The funny thing is that we haven't figured out what to do about the old TV, so we are now not merely a four-TV family, but we have a two-TV living room. And in case you wanted a quick headcount, the residents here are (1) me, (2) Matt. In our defense, 1 TV is halfway dysfunctional and lives in the garage, 1 is our wee little kitchen TV, and 1 is the usurpee, probably fated to take up residence in the crawlspace under the stairs. Still. 4 TVs. 2 people. Livin' the Costco lifestyle, my friends.

For a truly immersive multimedia experience

Other Long-Term Projects

But what, you may be wondering, happened to the porch swing (meant to be our Valentine's Day present) How about those antique doors and knobs? The shade patio? The hedge of mutabilis roses to replace those scraggy abelia? The other hedge to hide Mr. Ugly Car and his opprobrious cohabitants? Quick summary:

(1) The bolts that I bought for reconstructing the porch glider are too short for the thicker pipes (part of the dismembered hurricane fencing from the back yard) that we're using to replace the rusty original supports. So I need to trek out to Austin Bolt Company, whom I utterly adore but whose hours of operation are problematically short, and exchange them. But the frame is rustoleumed and ready to go, and the new red oak slats are stained and varnished with 3 coats of spar urethane for protection.

(2) "Greg," the last of our new (old) doors is at Elgin Furniture Refinishers getting stripped.
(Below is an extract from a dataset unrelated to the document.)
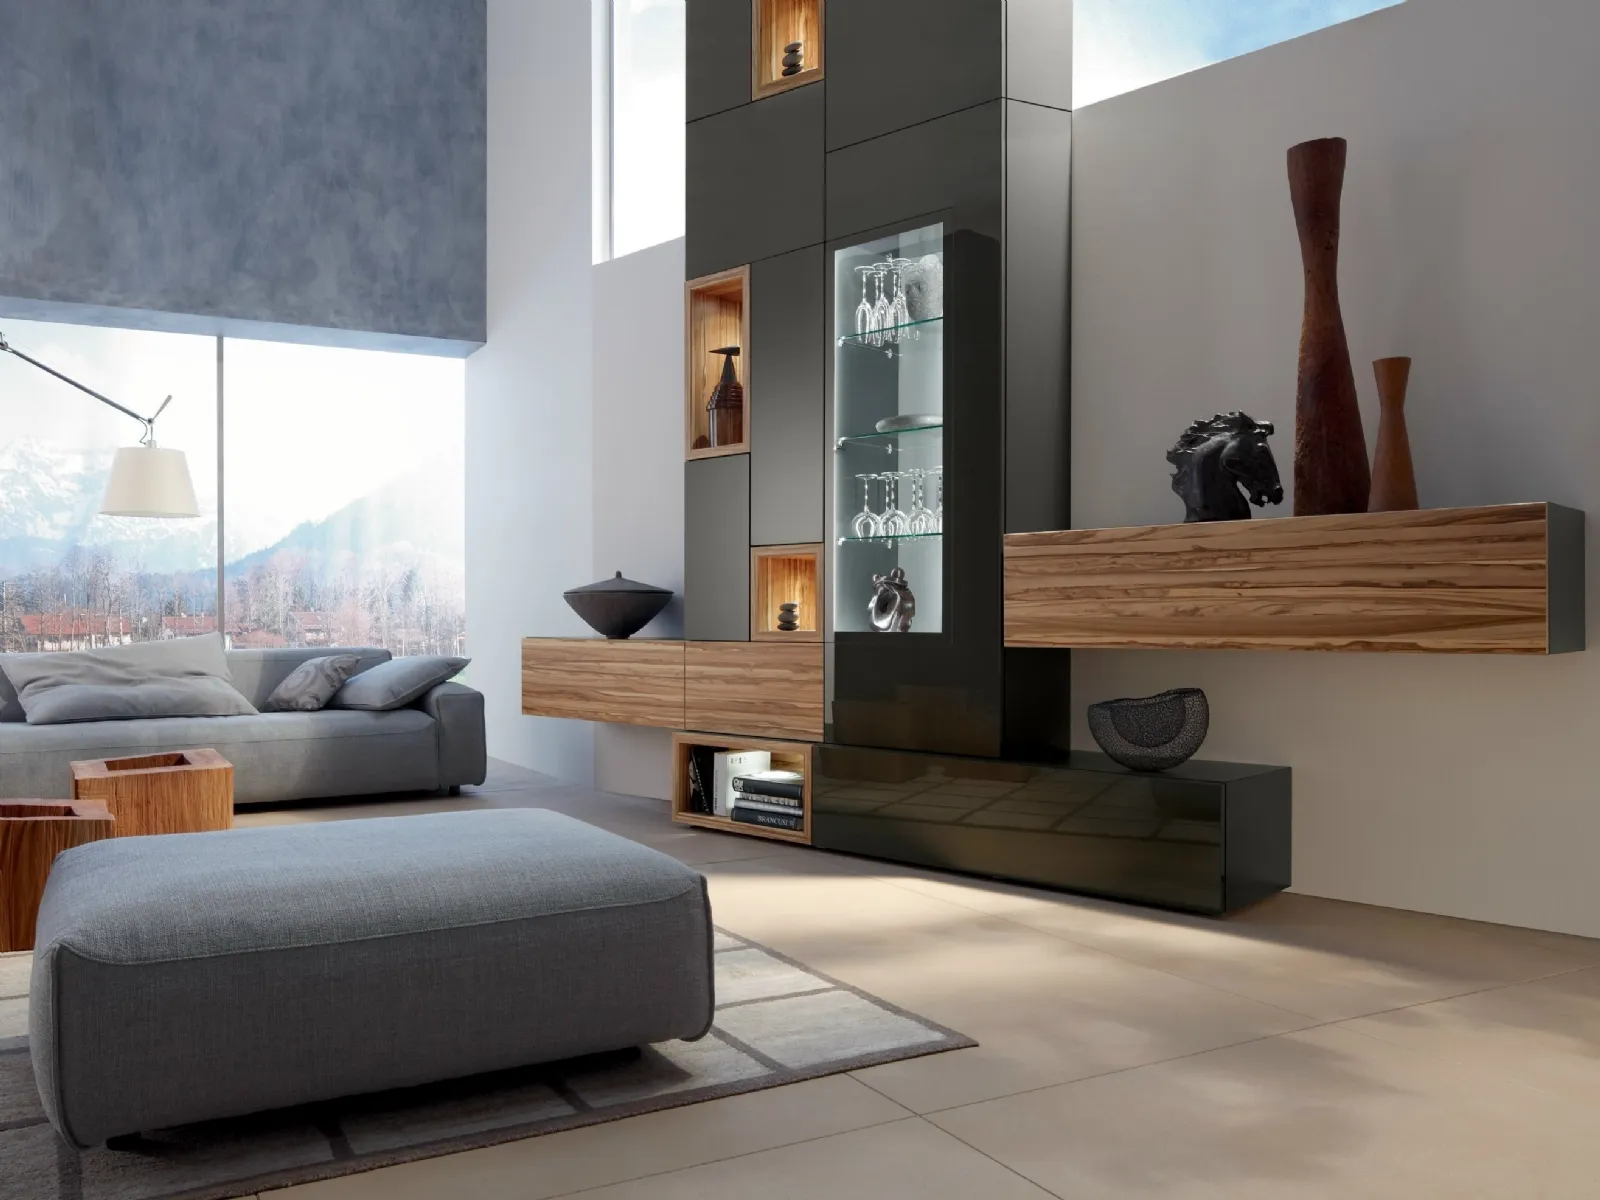 Soggiorni moderni idee e soluzioni mobili soggiorno for Soggiorno arredamento moderno
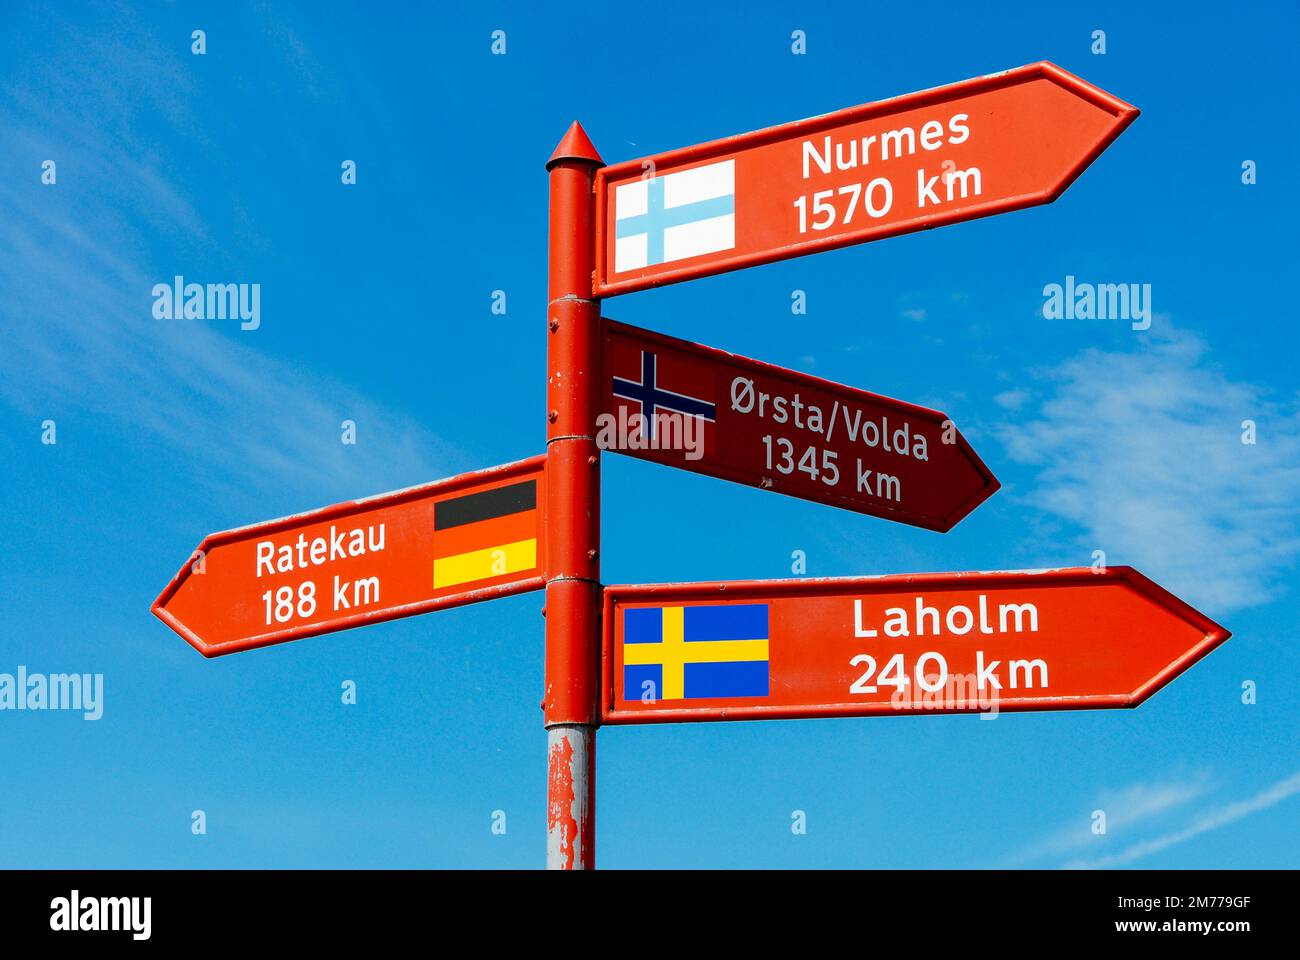 Panneau indiquant les directions et les distances dans la ville de Stege sur l'île de Møn au Danemark Banque D'Images

Next time we're in town during their operating hours (probably next Sat), we'll pick him up. We need to get in touch with Javier (the dude who built our lovely shelf/drawer unit in the study) to get his estimate for sizing and hanging them. I suspect that he's been hesitant to call us because it'll be a fair pfennig. Ouch.

(3) Re the shade patio (for latest pix, see "The Patio, & More Flower Pictures"), Mom & Dad very nicely gave us some ooftish for our 5th Anniversary (yesterday--Happy Anniversary to us!), which we will take to Lowe's to convert into metal edging. We'll install it around the current configuration of pavers, lift up the stones, and put down some sand. We may have enough from the old sandbox on the property, or we may have to buy a few bags. Then we'll reinstall the pavers and cap them off with a little cement.

(4) Re the mutabilis hedge (meant to stand at the head of the driveway and give our back yard a little privacy), well, the two roses we planted last year are doing nicely. But there's a huge gap in between them where we need to plant 3 more, so we'd be flattering it if we even described it as "spotty." The four abelias remain in their original locations for the time being. It would probably be foolish to move them this late in the year. We're going to plop them around the shade patio, but if a few croak, there are plenty of nicer shrubs we can substitute in (especially oak-leaf hydrangea and American beautyberry). Even so, I'd feel kind of slummy about killing all four. So the abelia relocation is postponed. But I'm willing to plant mutabilis as late as June of this year (it's that rugged), so we may at least get that part going soonish.

(5) Mr. Ugly Car's hedge--Matt was given some second-hand primrose jasmine (Jasminum mesneyi), so we've planted a line of them inside our property line. They're puny now, but we plan to water and fertilize the bejeezus out of them, so hopefully they'll be quite sizable next year. Primrose jasmine makes a rather massive fountain of light-colored evergreen foliage. I don't actually think they are the absolute best choice in landscape design terms--they look too much like the grass below and the ash above in color and even leaf shape, and they don't have a lot of definition--but they smell delicious and they'll accomplish our primary goal. And they were free, which is one of my favorite adjectives ever.